• TASK DIRECTIONS: Copy exactly the lines of the material below that fall between the line with "Βιβλιοθήκη χωρίς βιβλία: O tempora, o mores!" and the line with "Funny Bob's Burgers Wallpapers", both of those lines included; pictures stay out.

• EXTRACTED DATA:

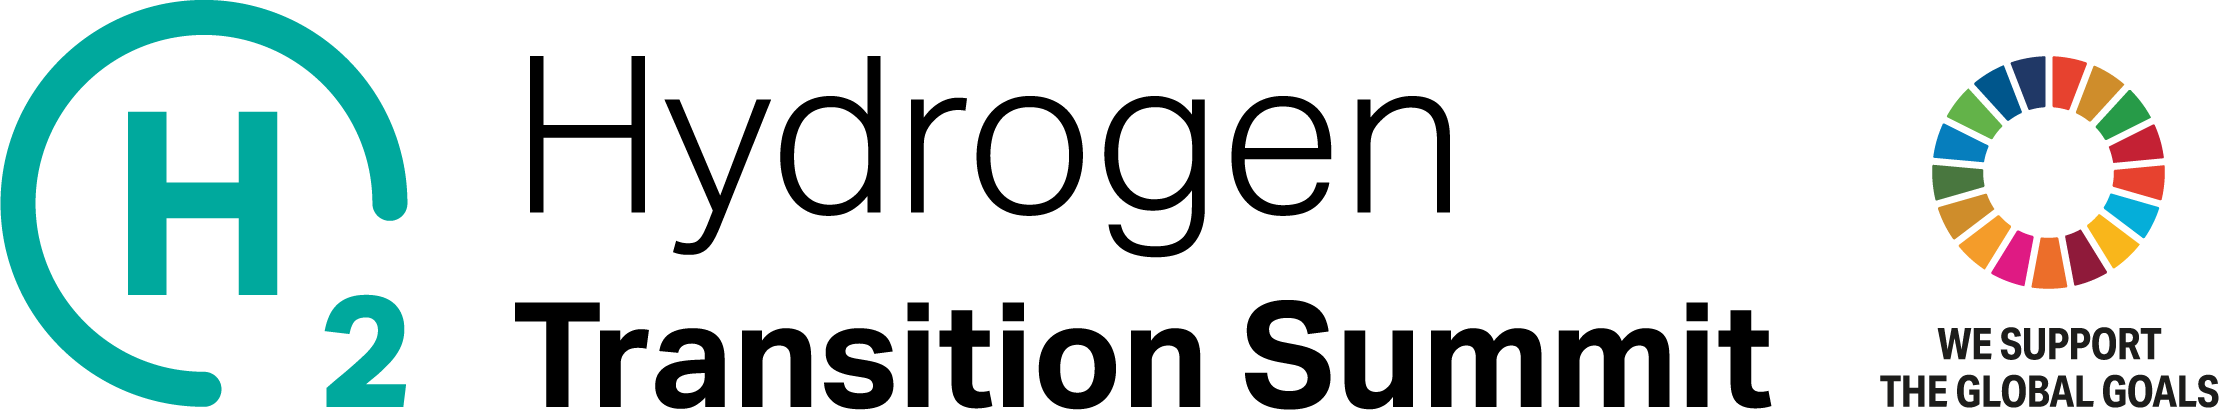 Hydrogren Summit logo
---
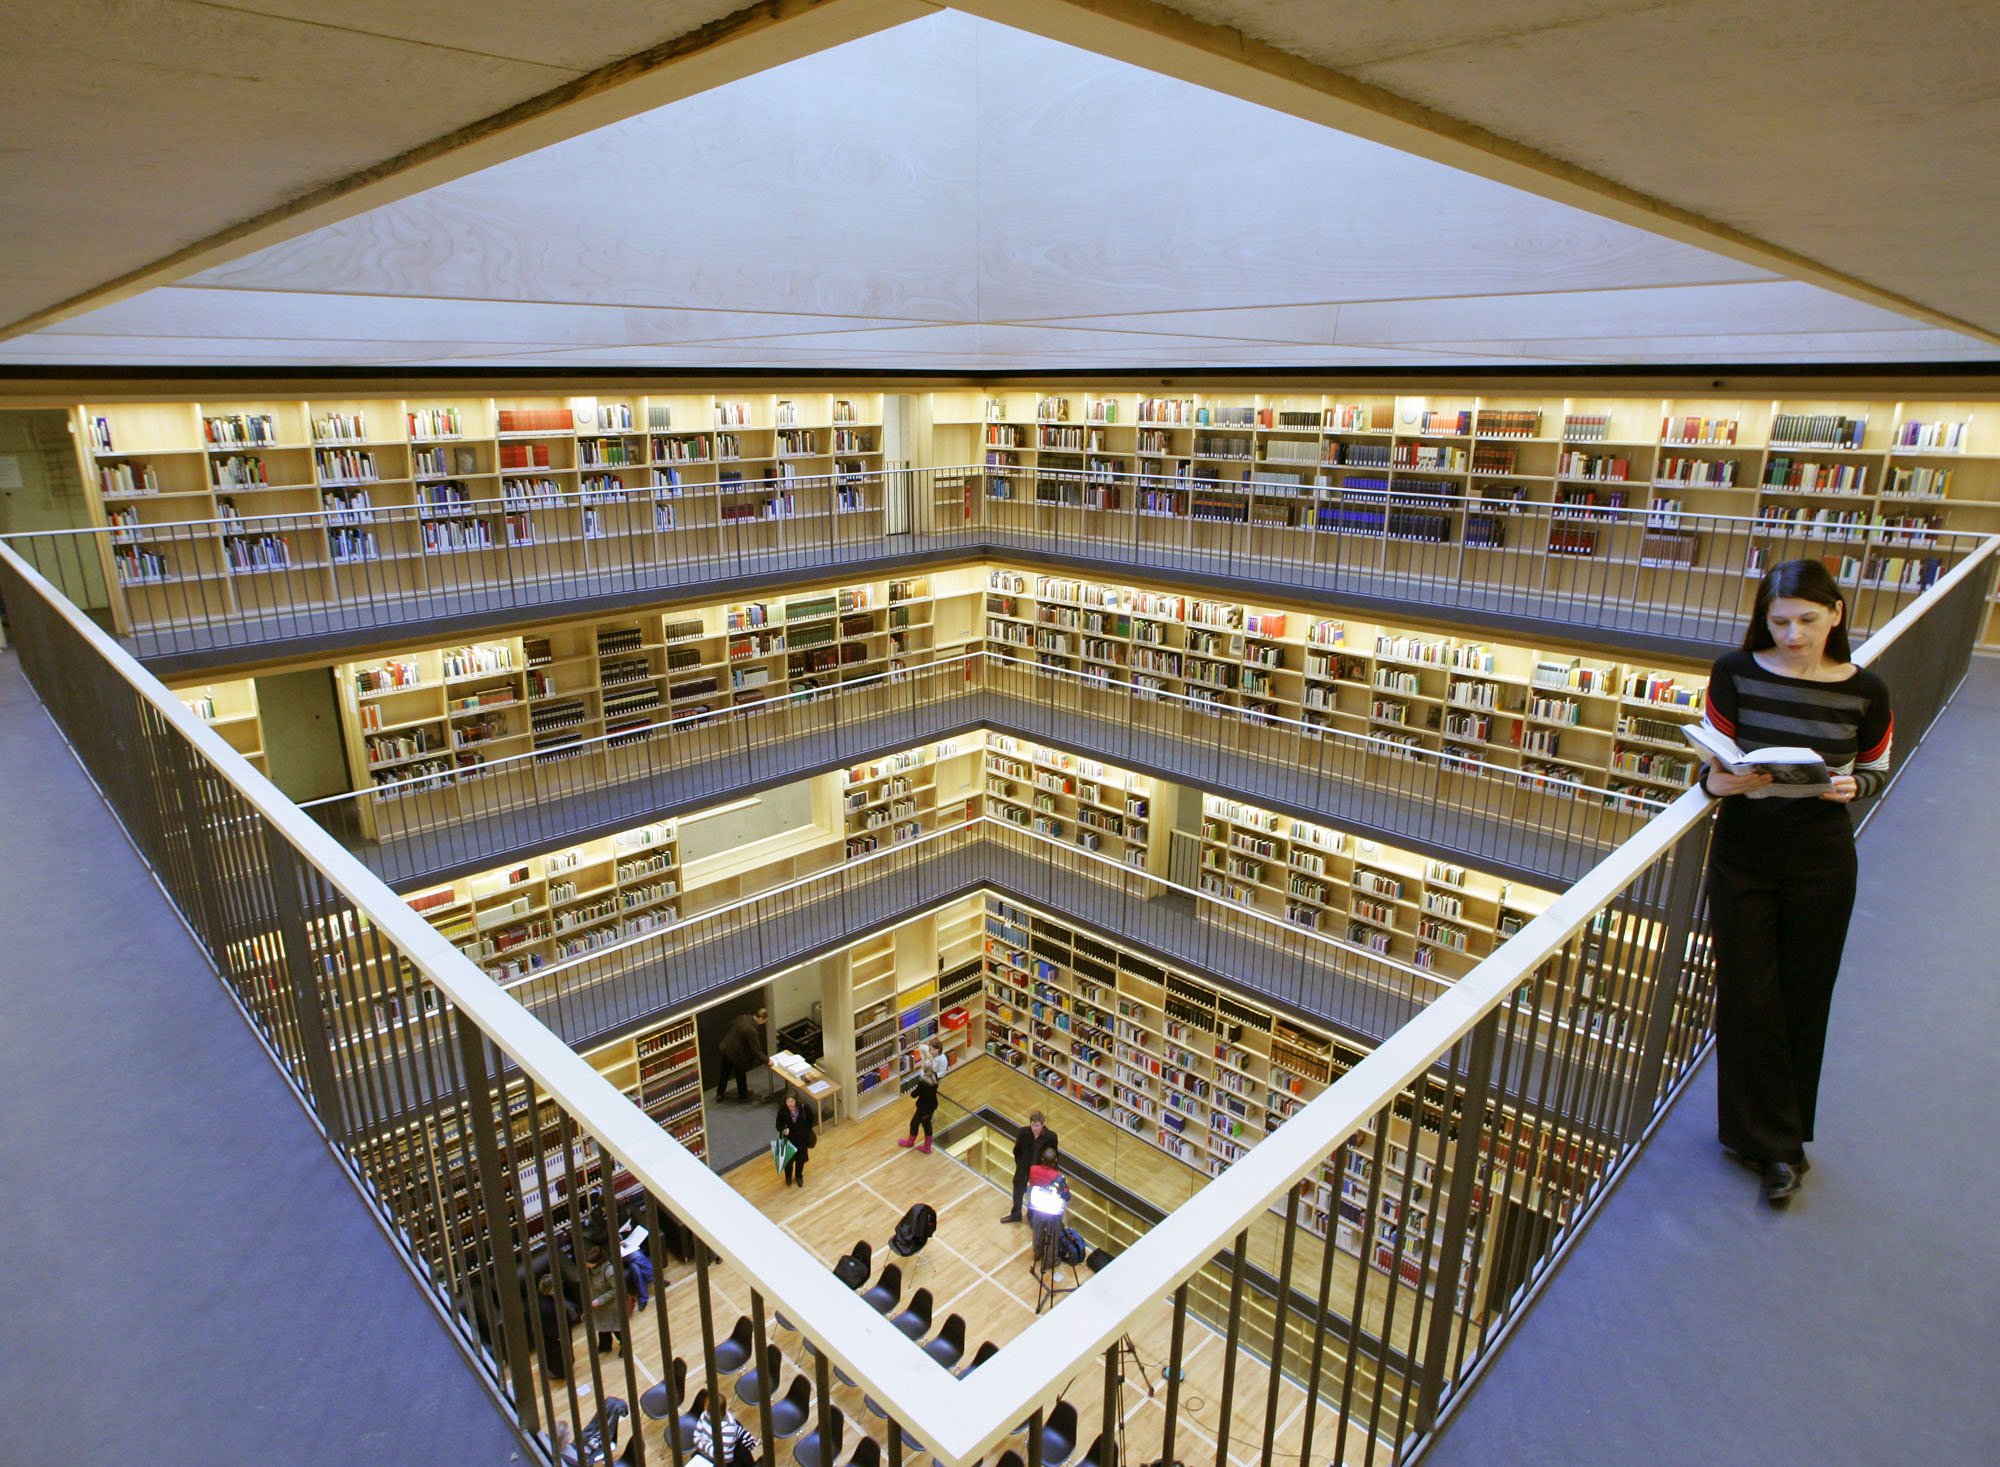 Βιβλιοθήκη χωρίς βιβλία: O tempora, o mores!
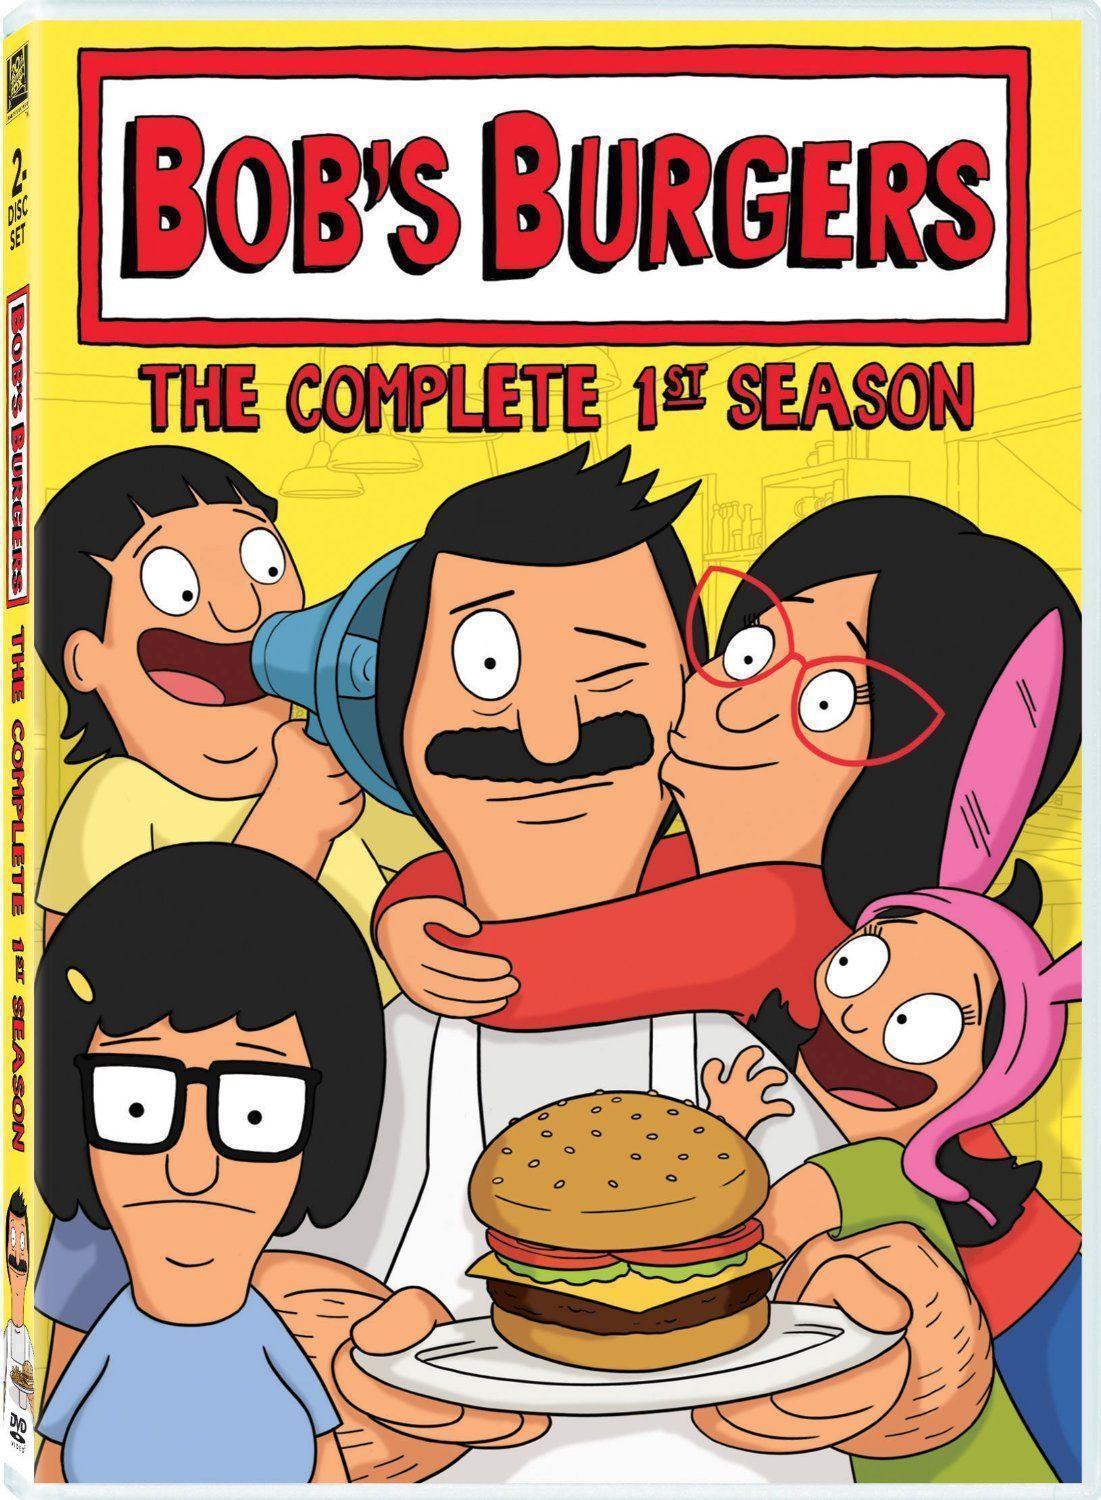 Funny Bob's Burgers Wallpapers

• SOLUTION:
 Βιβλιοθήκη χωρίς βιβλία: O tempora, o mores!
 Funny Bob's Burgers Wallpapers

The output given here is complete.